Тяжело вздохнув, Валерия сама отстранилась. Платье так и валялось на полу, там, где она его оставила. Хорошо, хоть плащ есть прикрыть измятую ткань. С одеждой она справилась под пристальным взглядом лэрда. И как будто не оделась, а разделась — Бьерн следил за каждым движением. Волосы — с ними было сложнее. Разлохматились и торчали во все стороны. Сколько раз рука тянулась к ножницам — обкорнать хотя бы половину, но нельзя — позор и бесчестье для знатной дамы. Единственное, ради чего женщины стриглись — это монашество или траур. Воспоминания о свекрови дернули, как больной зуб.
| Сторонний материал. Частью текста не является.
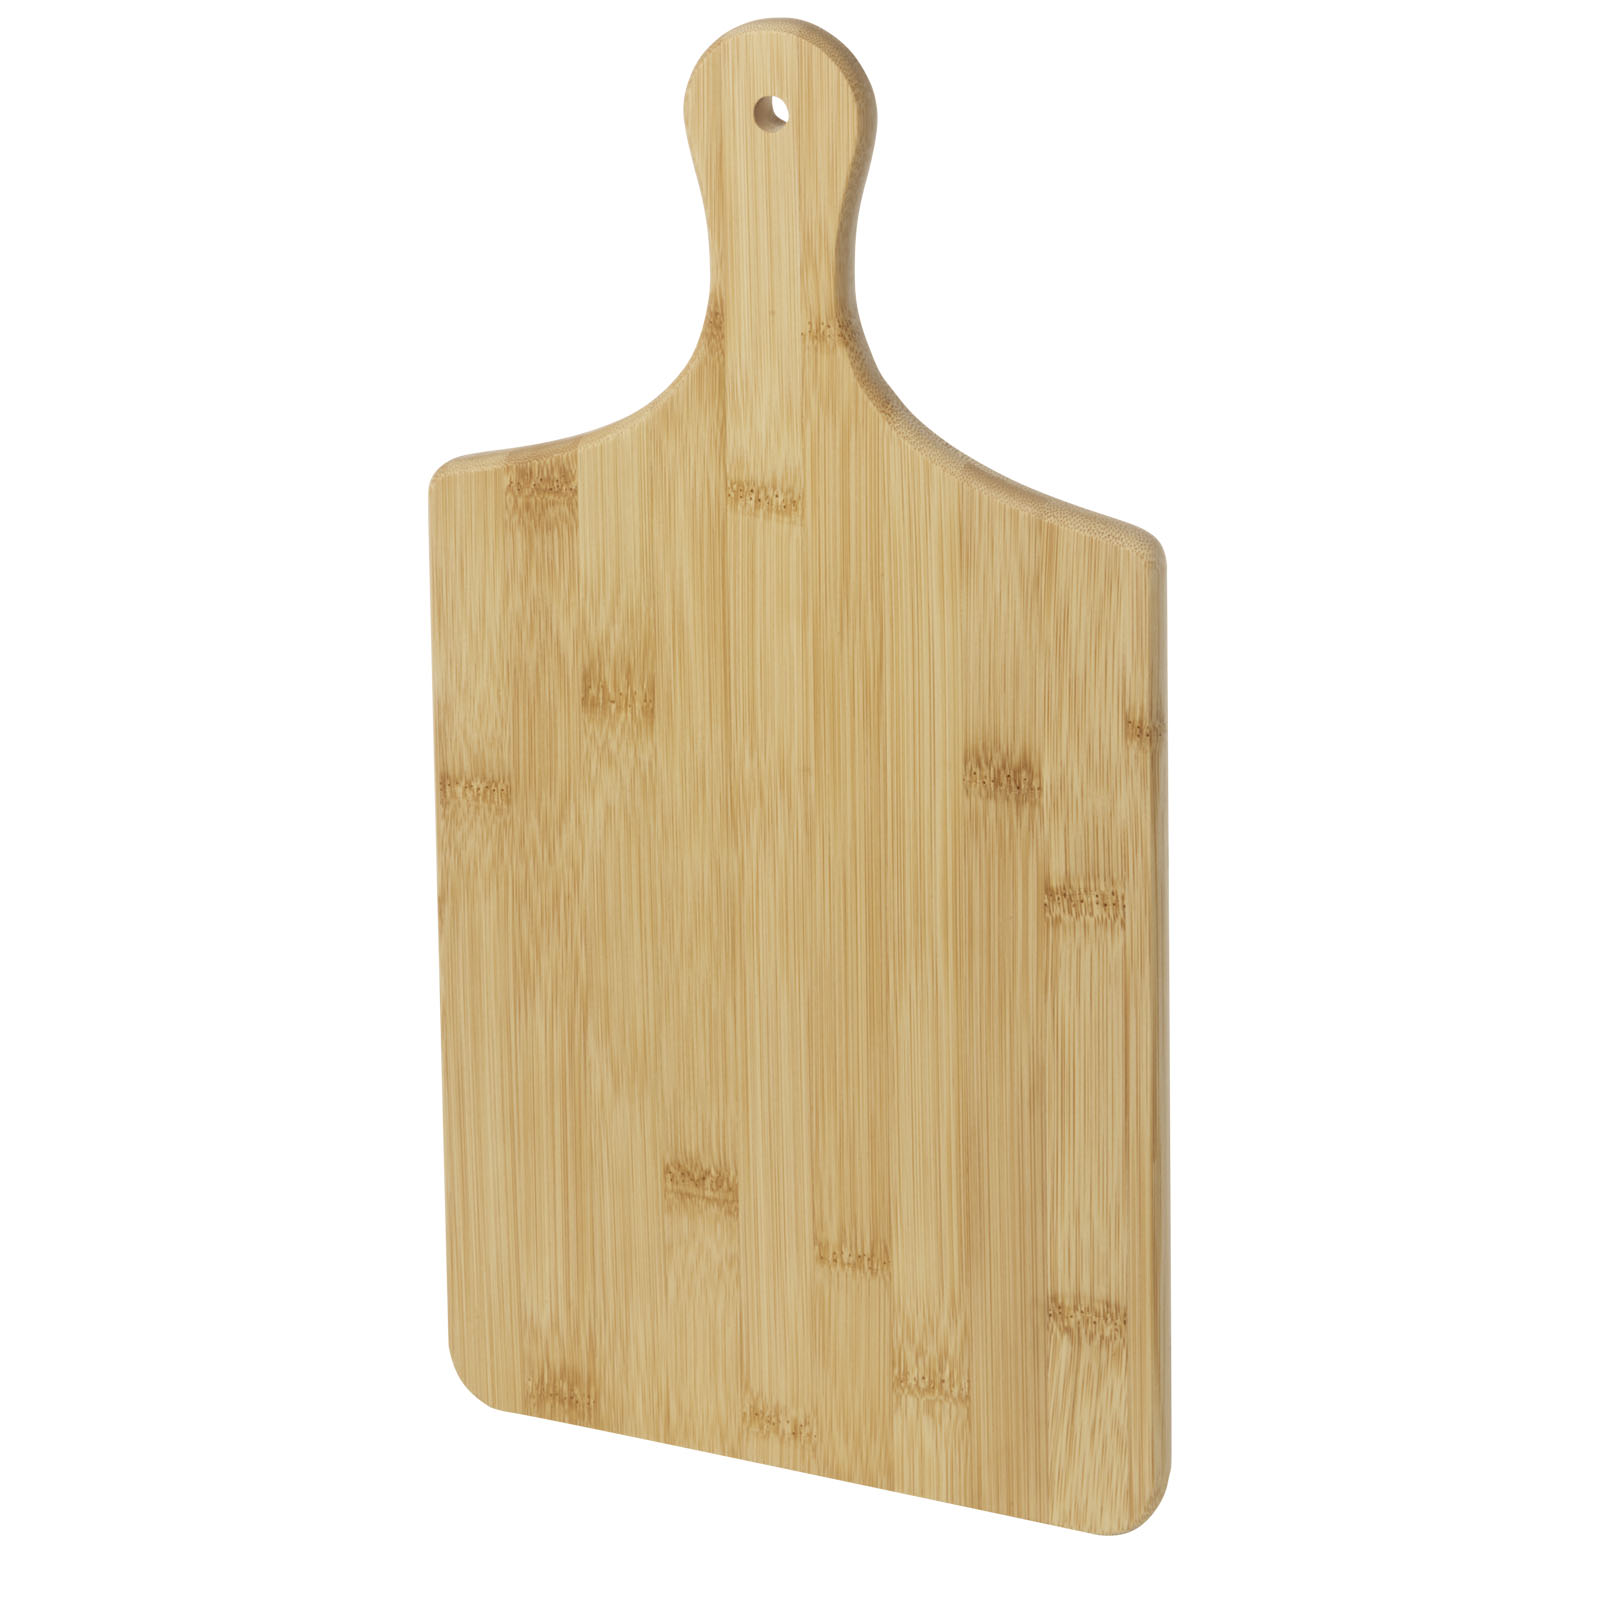 Advertising Cutting Boards - Baron bamboo cutting board - 4

Неприятная женщина. Хорошо, что ее не будет на празднике. Лэрди заигралась в благочестие и решила скорбеть о муже до победы, то есть смерти.
— Жду Вас к обеду, лэрди. Прием пищи состоится в королевском дворце, — мужчина сел на кровати. Живое искушение: тени резкими мазками подчеркивали переплетения мышц и узоры темных вен. И его руки… Валерия с трудом отвела глаза. Ее фетиш обрёл имя и форму.
— Как скажете, лэрд, — присела в лёгком книксене.
— Бьёрн.
Вот он, тот самый подарок — личная просьба звать его по имени, без титулов и фамилии. Еще одна ниточка, которая поможет удержаться рядом. Едва заметное чувство неудовольствия вплелось в охватившую ее радость. Ну да, она по-прежнему не хотела в монастырь. Но думать, что все происходящее преследует только эту цель, стало как-то… неприятно.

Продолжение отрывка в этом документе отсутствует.